Leer, para mí, se impone como una necesidad, pero no con el fin de obtener conocimiento, quizás ni siquiera por placer, aunque lo haya, sino para facilitar la permanencia en este mundo, tan ajeno a nuestra voluntad, y del que sólo somos piezas prescindibles. Me permite, también, un diálogo interno, íntimo, en el que los sentidos se ponen a disposición de la imaginación, y se convierten en hilos con los que tejer y unificar las diferentes telas en las que, fuera de toda lógica y razón, se han convertido mis sentidos, sentimientos, recuerdos y pensamientos. Nadie gobierna su cerebro, que responde a leyes desconocidas, y somos ilusos si pensamos que porque a menudo, y caprichosamente, decida acompañarnos, es señal de que responde a nuestro dominio. Pero el arte, en este caso la lectura, nos facilita esa comunicación entre intimidades, vidas escritas, pintadas, esculpidas, entre hombres y mujeres, que trascienden la vida y la muerte, hablándonos, emocionándonos, desde los siglos más lejanos.

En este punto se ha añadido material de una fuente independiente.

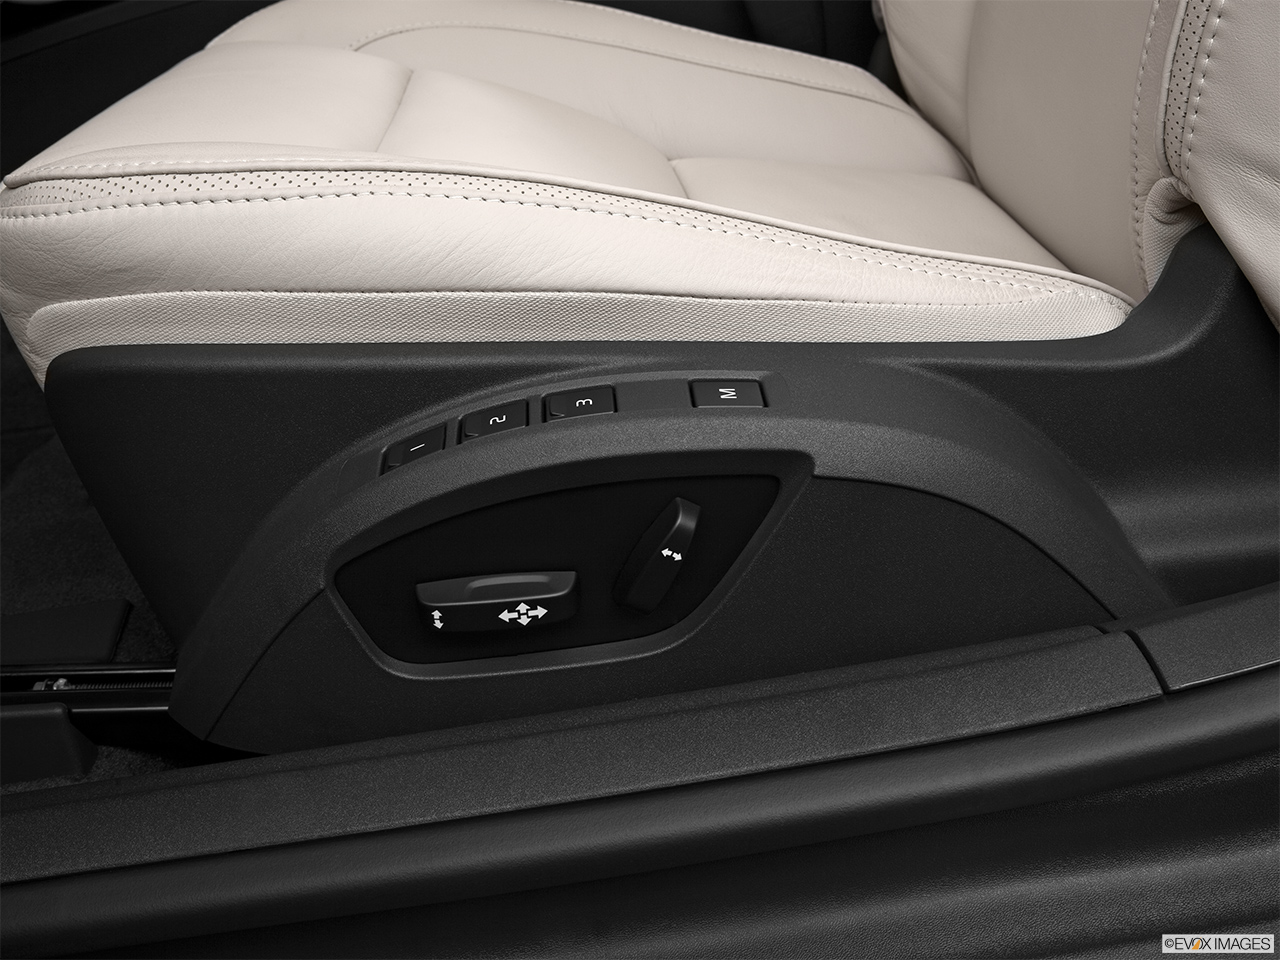 2013 Volvo C70 T5 Platinum Seat Adjustment Controllers. 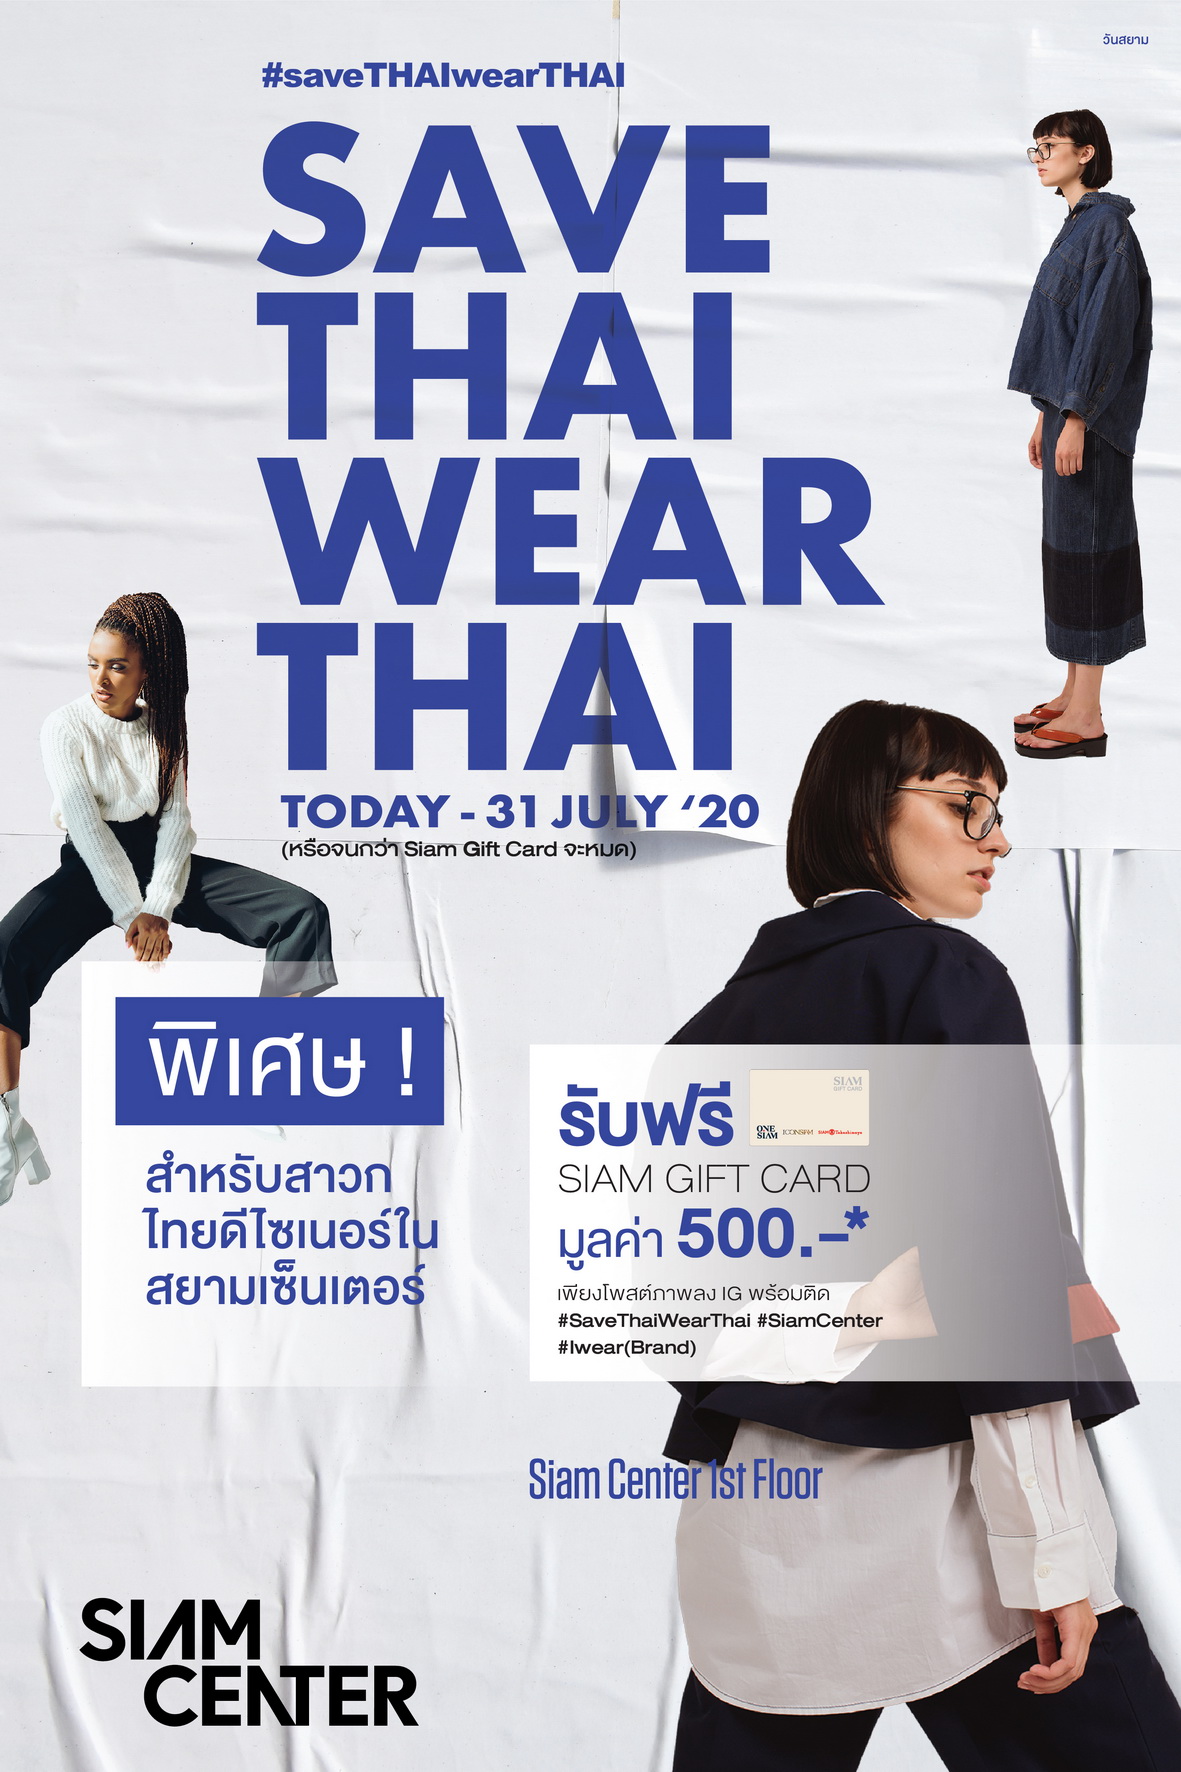 สยามเซ็นเตอร์ชวนสาวกแฟชั่นแสดงพลังความเป็นไทย ปลุกกระแสแฟชั่นไทยให้ฮอตทั่วเมือง #saveTHAIwearTHAI ตั้งแต่วันนี้ 31 กรกฏาคม ศกนี้

Recuerdo a mi madre temblar, compungida, y derramar lágrimas en su conmoción, al ver “la piedad” de Miguel Ángel. ¿No sientes el dolor de una madre que sostiene sobre sus brazos el cuerpo inerte de su hijo? ¿No sientes en su mirada de mármol, arder la vida encendida de los latidos minerales? Parecía decirme mamá. ¿Acaso no sientes su dolor? Y fue la mano de Miguel Ángel, la mano humana ya descarnada y estrellada, la que esculpió el dolor en su cisma, en su máxima expresión, en la roca fría y yerma, que conmueve hasta las lágrimas a mi madre, cinco siglos después. El arte nos hace inmortales, y por ello más humanos, clama en cualquiera de sus formas, el sentimiento que lucha por permanecer, por superar las frágiles leyes humanas.
Por ello, y quizás porque necesito más tiempo que el habitualmente necesario, el arte en mí requiere paciencia, y requiere dominio por mi parte. Leo, me detengo, vuelvo a una frase, la señalo, la vuelvo a leer, la incorporo a mi vida, y la dejo, como con vida propia, en ese pequeño espacio de la conciencia cotidiana, para que juguetee a su antojo con los pensamientos más inmediatos. Permanece como una melodía, una pregunta a la que no hallamos respuesta y que permanece dormida a la espera de que la respuesta, como un sonido lejano, la alcance y la despierte bruscamente de su sueño inquieto. Una estrofa de un poema que permanece en nuestra percepción, impregnando los silencios de un fina esencia insuficiente para pensarla, pero suficiente para sentirla. Pero ello requiere tiempo, y requiere, sobretodo, intimidad.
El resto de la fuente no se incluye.